> [TASK DESCRIPTION]: Find the line with "Dessy Bridesmaid Dress 3086 - Crepe" and the line with "CAIRO BUILDING IN AL-MAADI حي المعادي" in the entries below; output exactly those two lines, every line between them, and no others.

> [DATA FOR REVIEW]:
· · · · · · ·
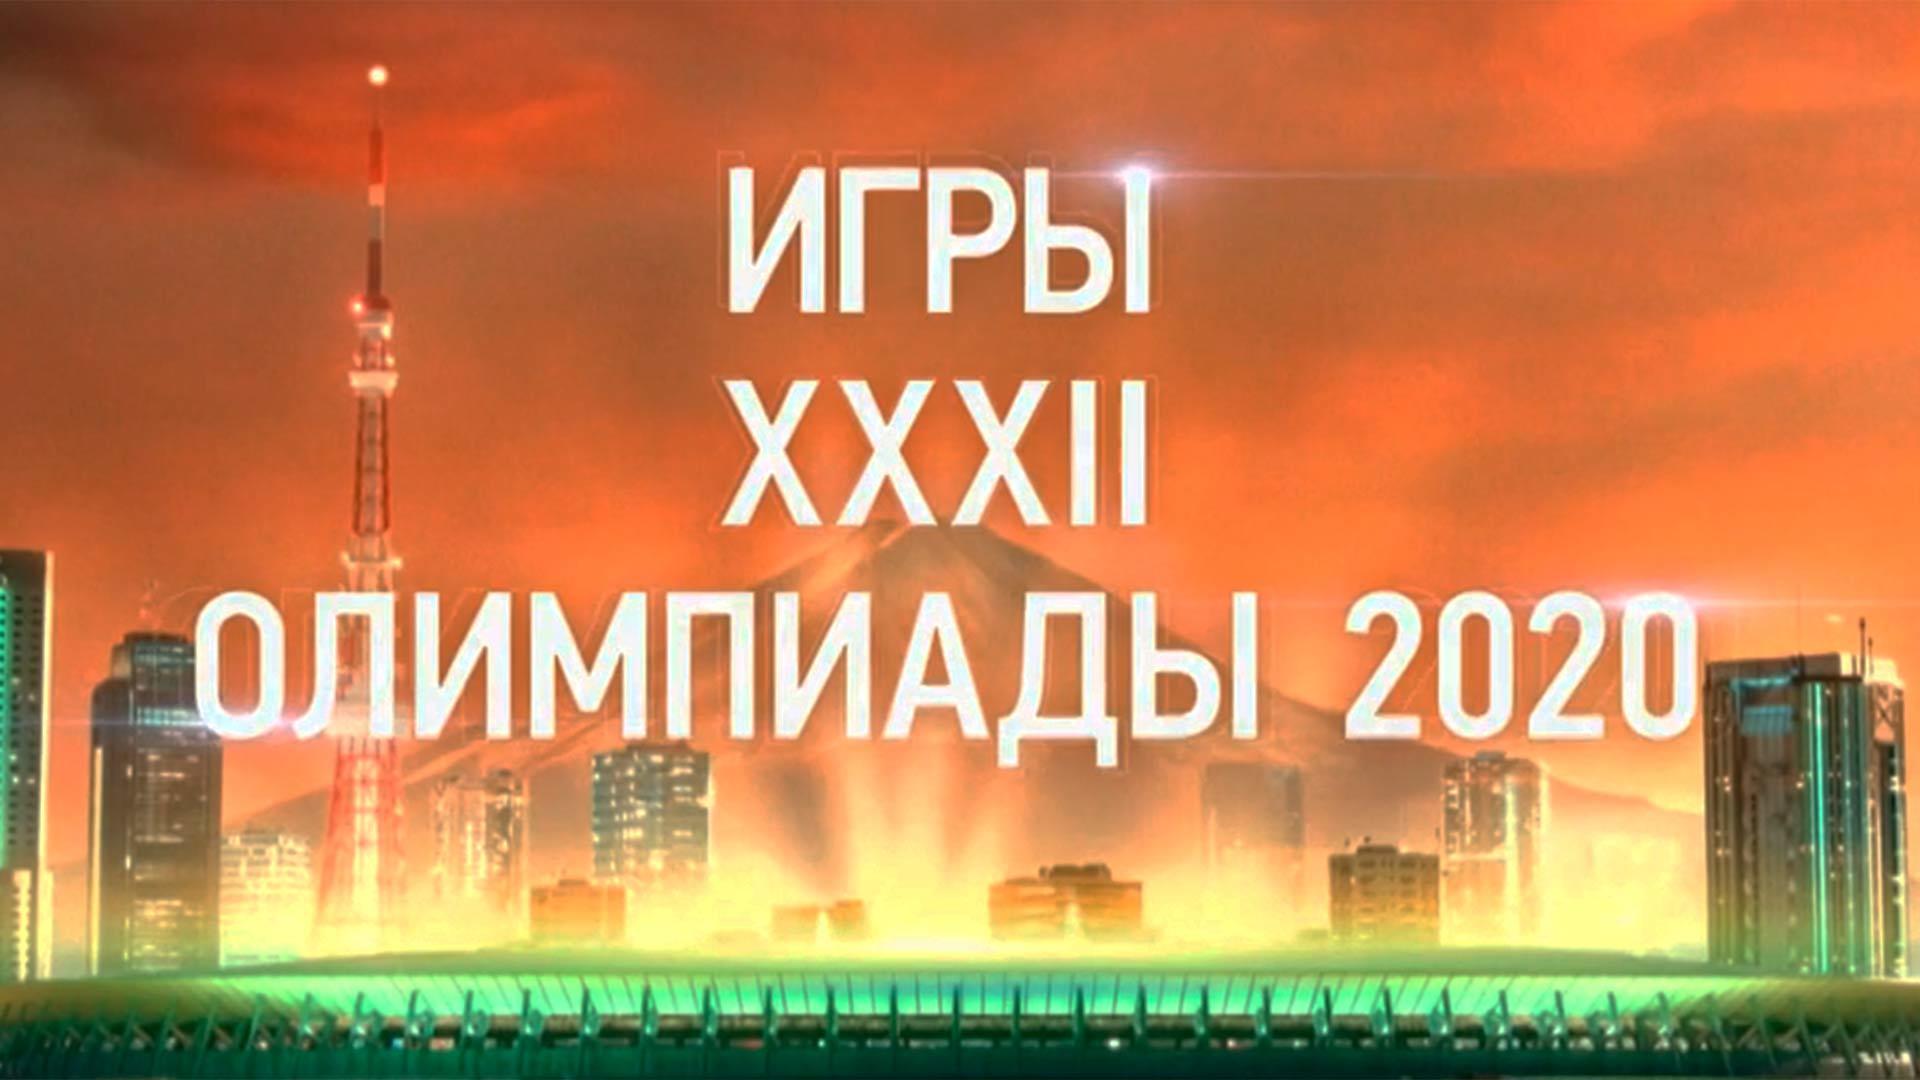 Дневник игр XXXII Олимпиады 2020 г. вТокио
· · · · · · ·
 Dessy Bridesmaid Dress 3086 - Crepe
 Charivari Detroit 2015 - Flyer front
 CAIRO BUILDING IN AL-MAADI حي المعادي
· · · · · · ·
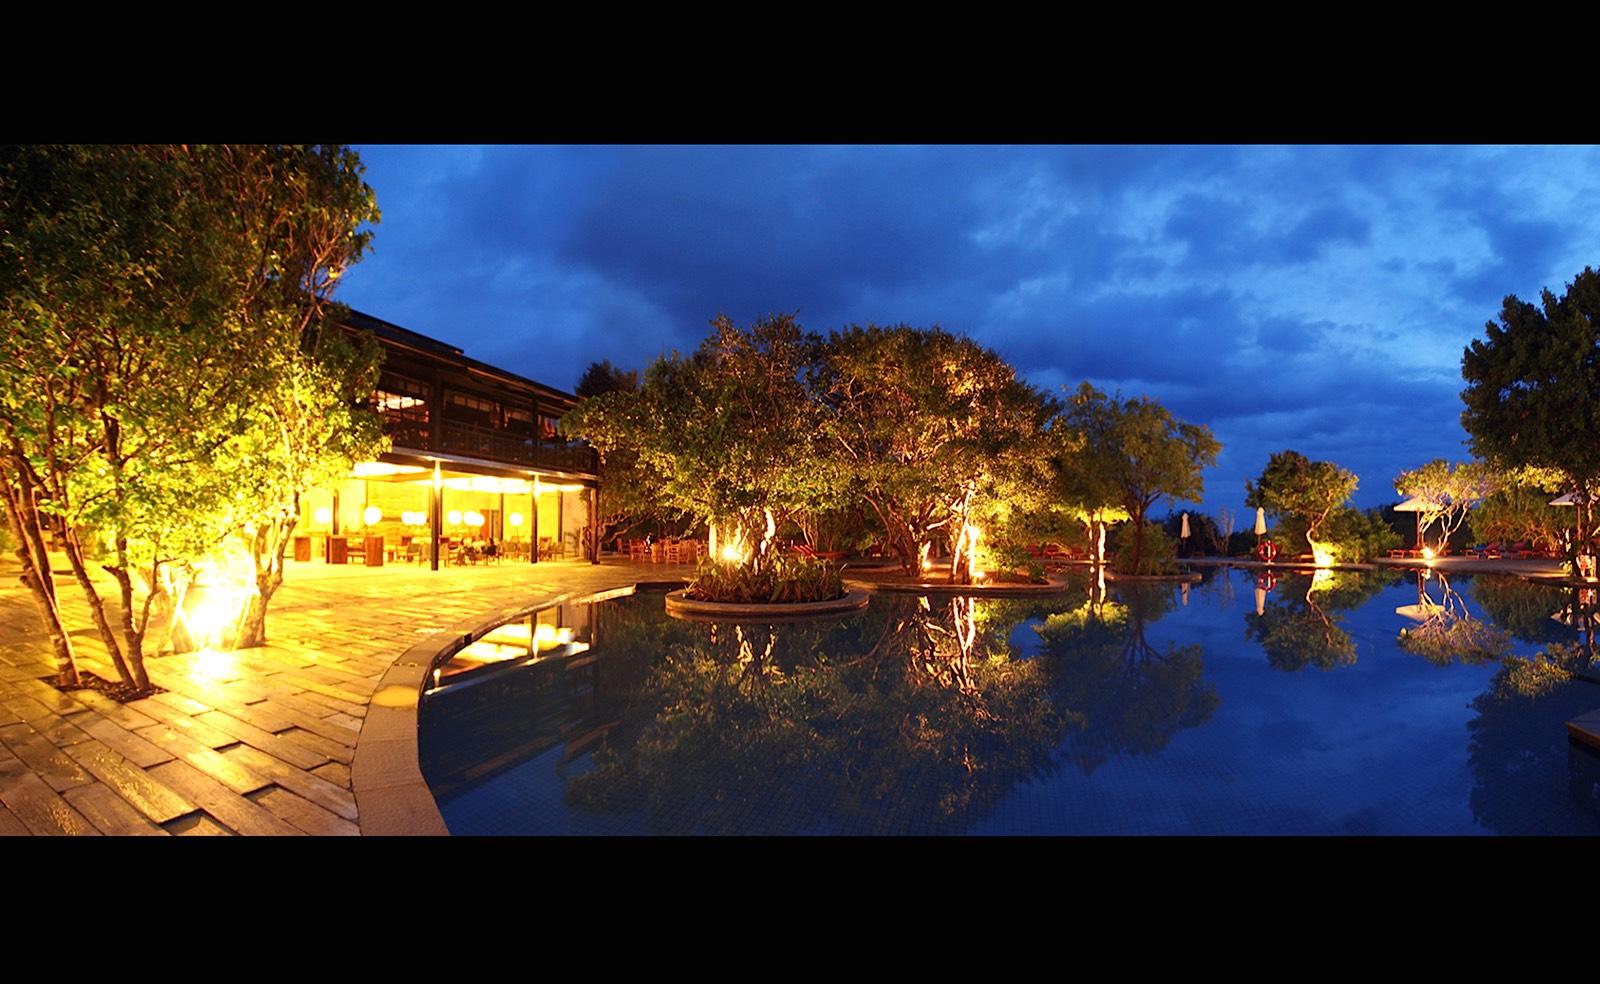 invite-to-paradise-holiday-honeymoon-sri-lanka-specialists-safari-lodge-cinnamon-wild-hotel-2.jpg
· · · · · · ·
> [TASK SOLUTION]:
 Dessy Bridesmaid Dress 3086 - Crepe
 Charivari Detroit 2015 - Flyer front
 CAIRO BUILDING IN AL-MAADI حي المعادي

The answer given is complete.